The role of the helmet (or facemask – it’s not worth differentiating between them) in the wicketkeeper’s kitbag is another interesting point of discussion. I cannot understand, whether against spin or pace, why anyone would stand up to the wicket without protection. Yes, you don’t need your grille for the routine takes outside off: but it’s not the routine take that causes the problems. It’s the freak deflection, the top edge, the gloved pull down the legside, or the flying bail. Yet, standing back, it sometimes seems as if wearing a helmet is a substitute for proper preparation. Why wear a helmet there, and not at slip? Why not ask a bowler to wear one – certainly, some of the worst injuries I’ve heard discussed at junior level have come when the ball has been hit – hard – straight back at the bowler. To me, wearing a helmet standing back immediately betrays a lack of confidence and self-belief.

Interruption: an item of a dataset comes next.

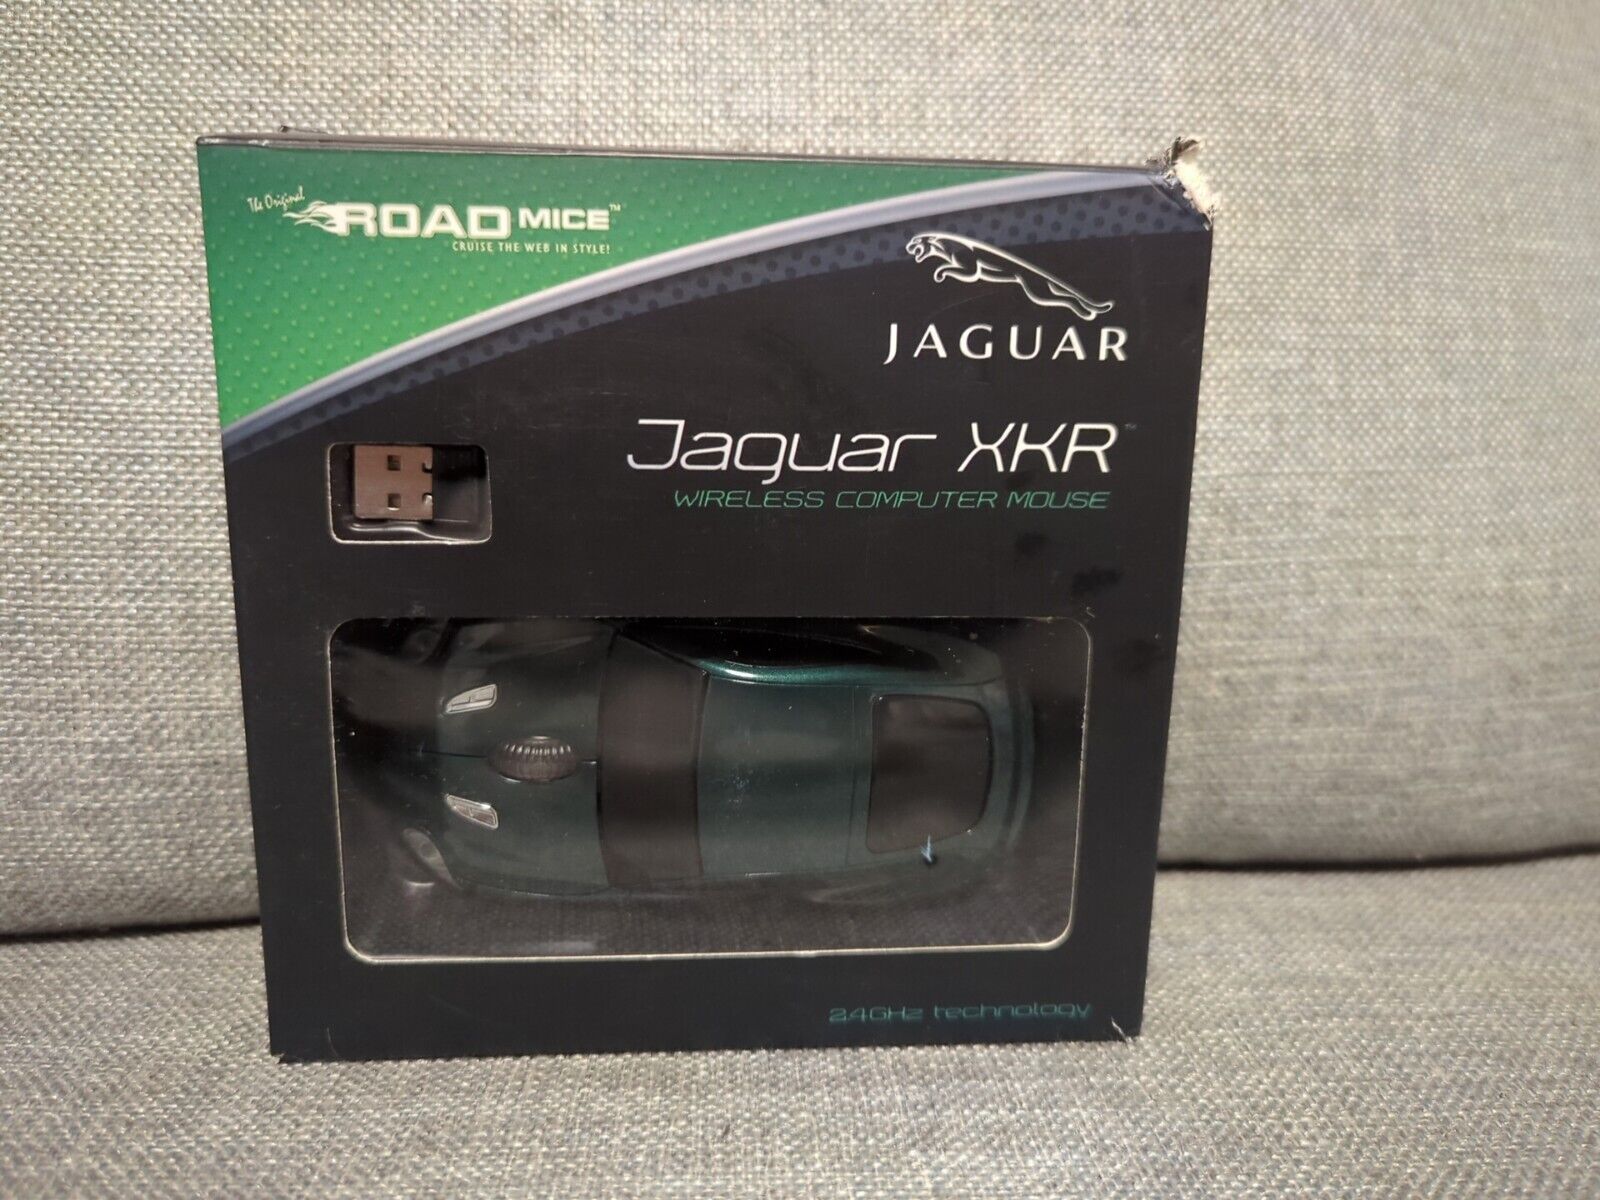 Original Road Mice Jaguar XLR Gift Wireless Computer Mouse with headlights
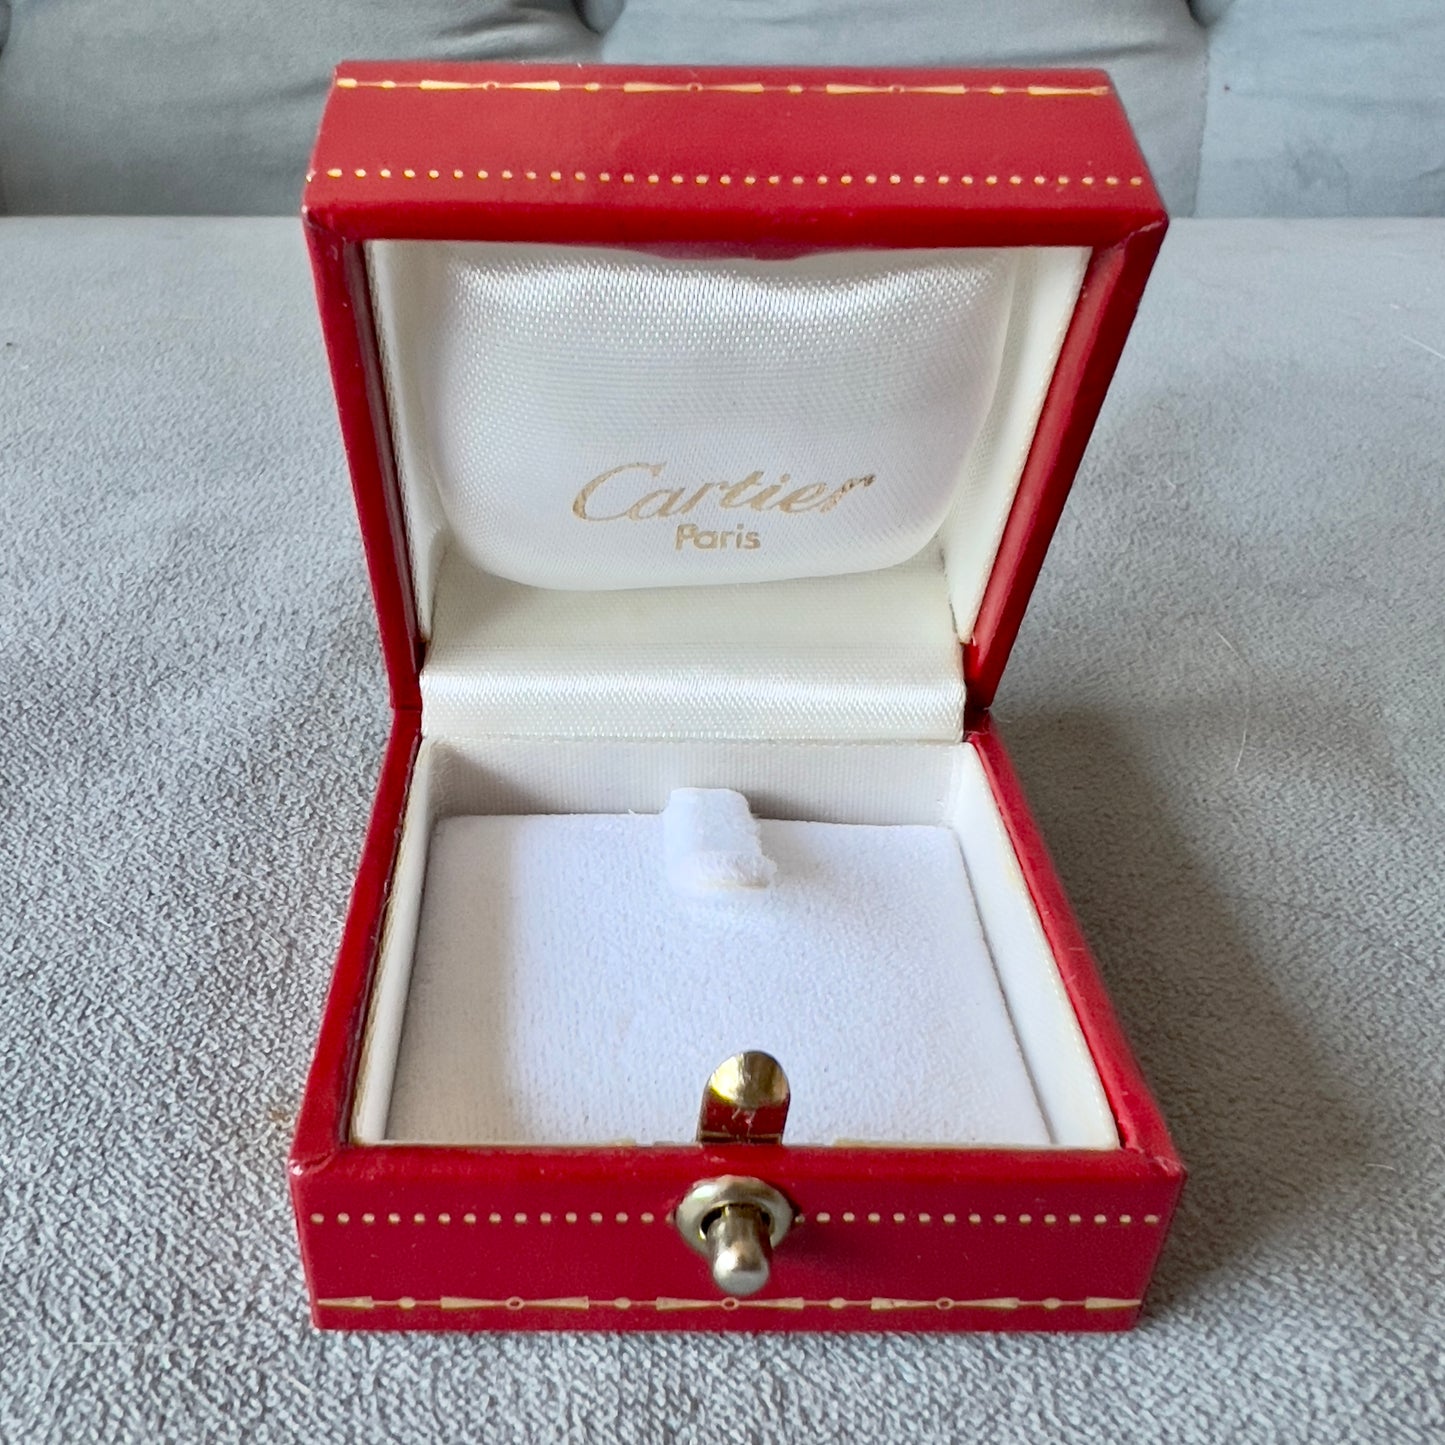 CARTIER Ring Box 2x2x1.10 inches

The idea of “compulsory” wicketkeeping training will also work to raise the profile of the wicketkeeper as a specialist, and the appreciation when the difficult is made to look routine. Call me biased, but it feels like the attention of the wider world falls only on the gloveman when he makes a mistake. Like a football referee, he is treated as a man best out of the limelight – yet no other position on the field of play is so critical to a fielding effort: when has a great team carried a poor wicketkeeper? Why does a fielder get rousing applause for a slide on the boundary and a throw into the keeper’s ankles, only for the crowd to ignore the stumper’s efforts to collect the ball in the dirt?
Perhaps I’ll return to this theme in another seven years, in a T20-driven world where the impact of a moment’s brilliance behind the stumps counts for nought against the arc of a DLF Maximum – or perhaps the ability of the true keeper to swing the balance, and break a partnership, in an increasingly batsman-dominated game might be fully valued.
I know which future I’d rather live in.